1. If there are three vectors in a three-dimensional space and the scalar triple product is zero, these three vectors are said to be coplanar.

2. If there are three vectors in a three-dimensional space that are linearly independent, these three vectors are coplanar.

3. In the case of n vectors, if no more than two vectors are linearly independent. Then all three vectors are coplanar.

Q2. How to Find the Coplanarity of Two Vectors?

Ans: Two or more vectors are coplanar if they satisfy linearly dependent conditions.

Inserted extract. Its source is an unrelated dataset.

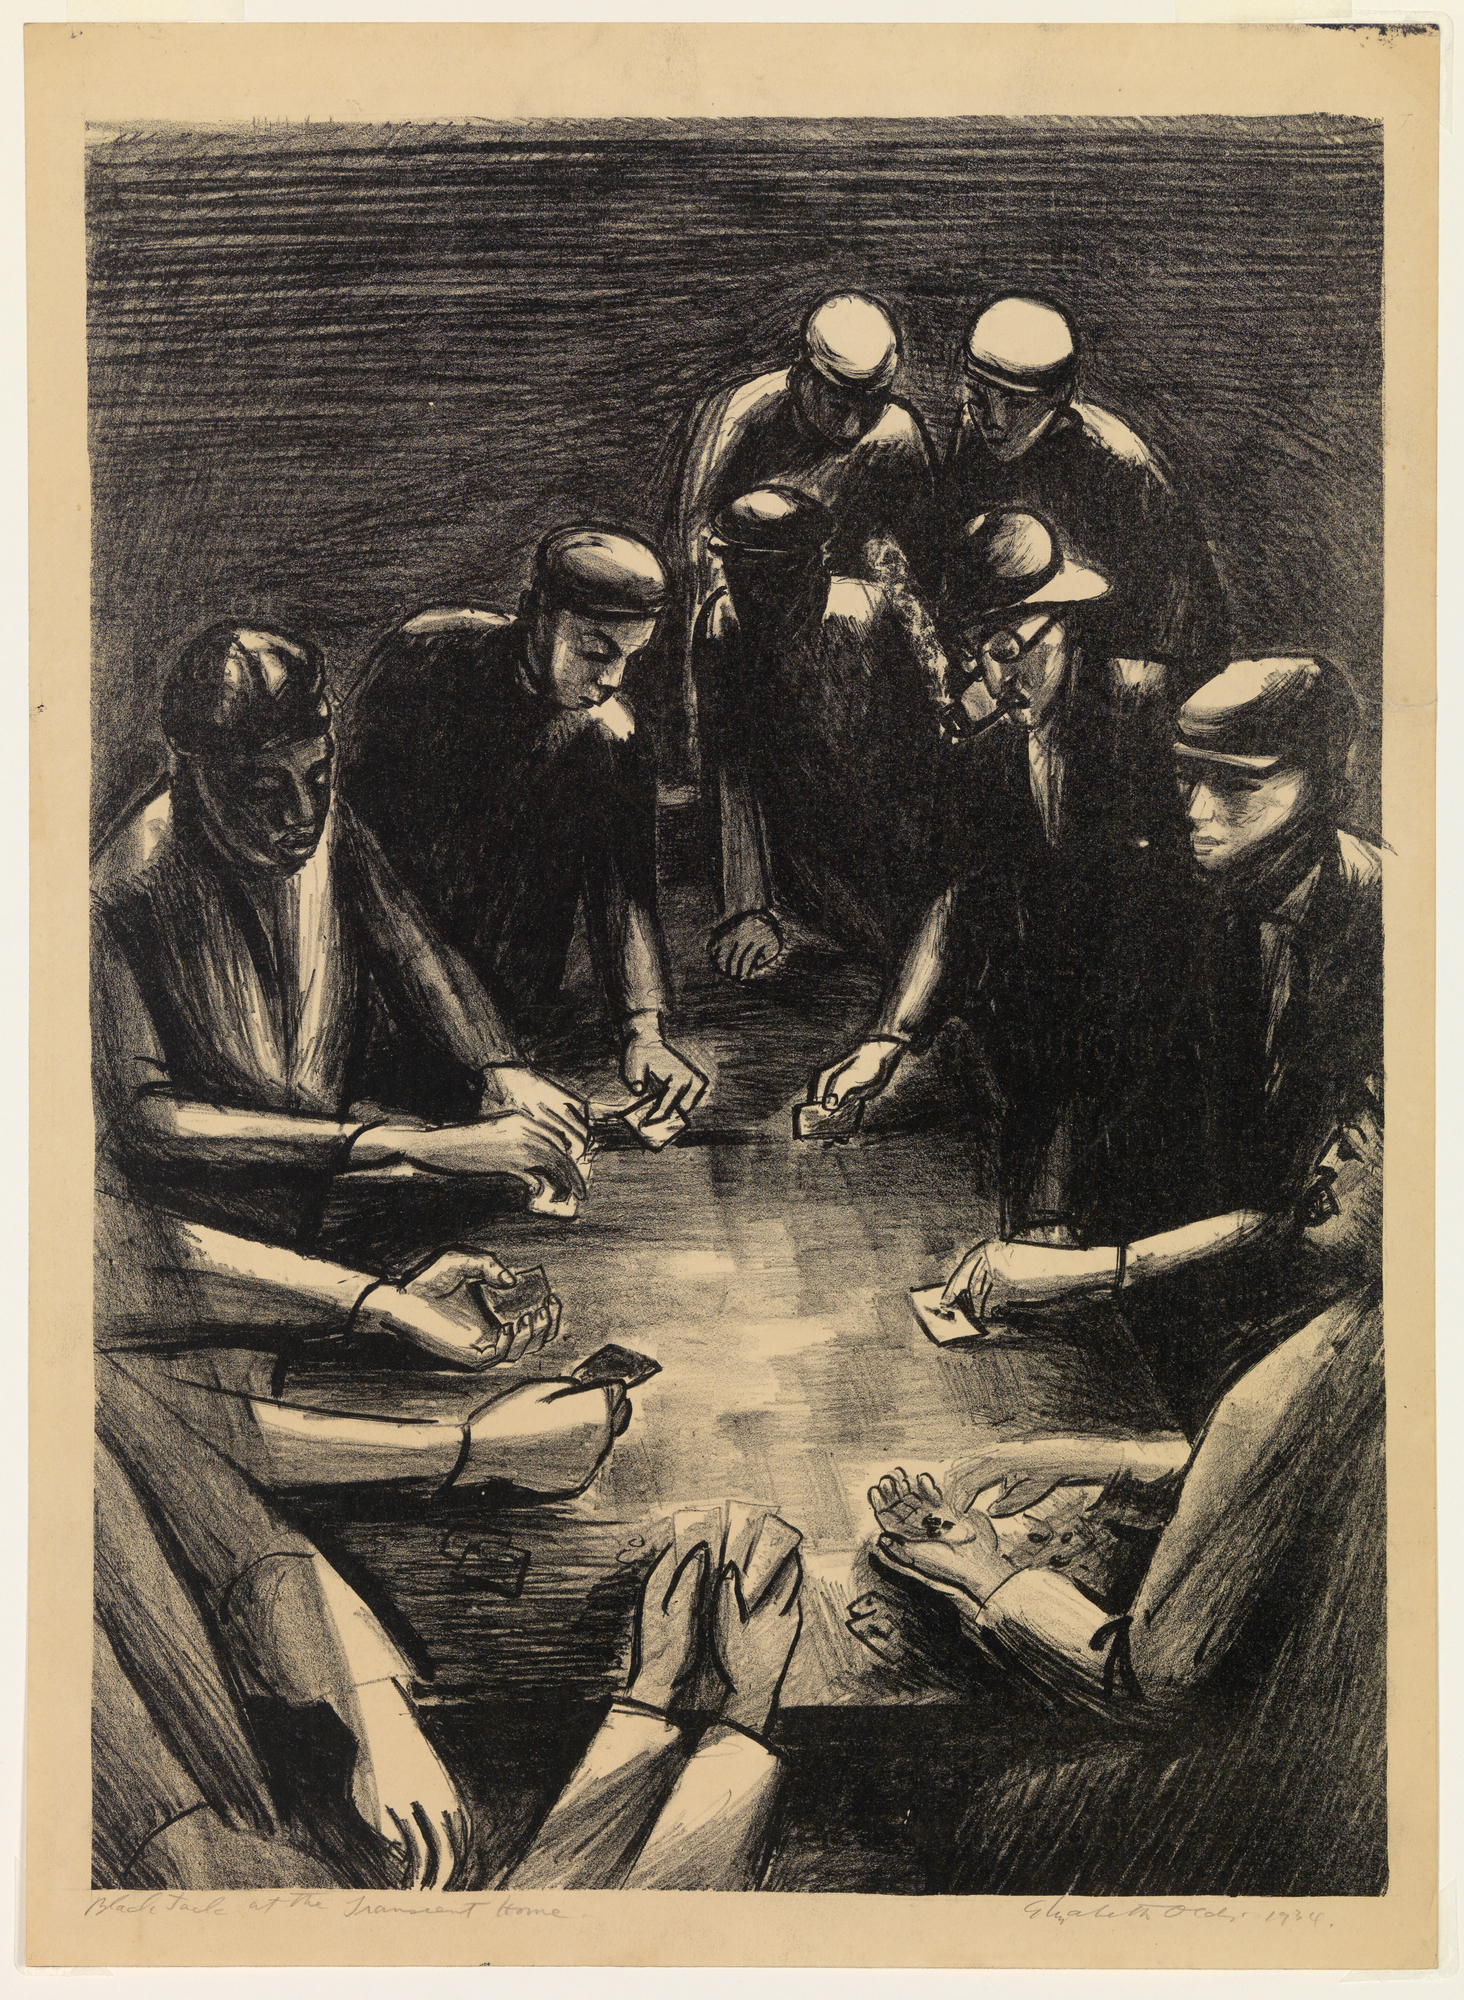 A group of men stand and sit around a table playing cards. They all appear from the same social class save for one man wearing a fedora and smoking a pipe.

Their components are proportional and the rank denoted is 2.

Two or more points are coplanar if the vectors determined by them are also coplanar.

For example: Determine if the points A= (1,2,3) ,B= (4,7,8) ,C= (3,5,5) ,D= (-1,-2,-3) ,E= (2,2,2) are coplanar.

The points A,B,C,D,E are coplanar if rank AB, AC, AD, AE = 2

AB = ( 4-1 , 7-2 , 8-3 ) = ( 3,5,5 )

AC = ( 3-1 , 5-2 , 5-3 ) = ( 2,3,2 )

AD = ( -1-1 , -2-2 , -3-3 ) = ( -2,-4,-6 )

AE = ( 2-1 , 2-2 , 2-3 ) = ( 1,0,-1 )

Rank ( AB, AC, AD, AE ) = 3

The points A, B, C, D, and E are not coplanar as it does not have pre-mentioned rank, that is  2.When two or more vectors are coplanar, their components are proportional and their rank is 2. Two or more points are coplanar if the vectors determined by them are also coplanar.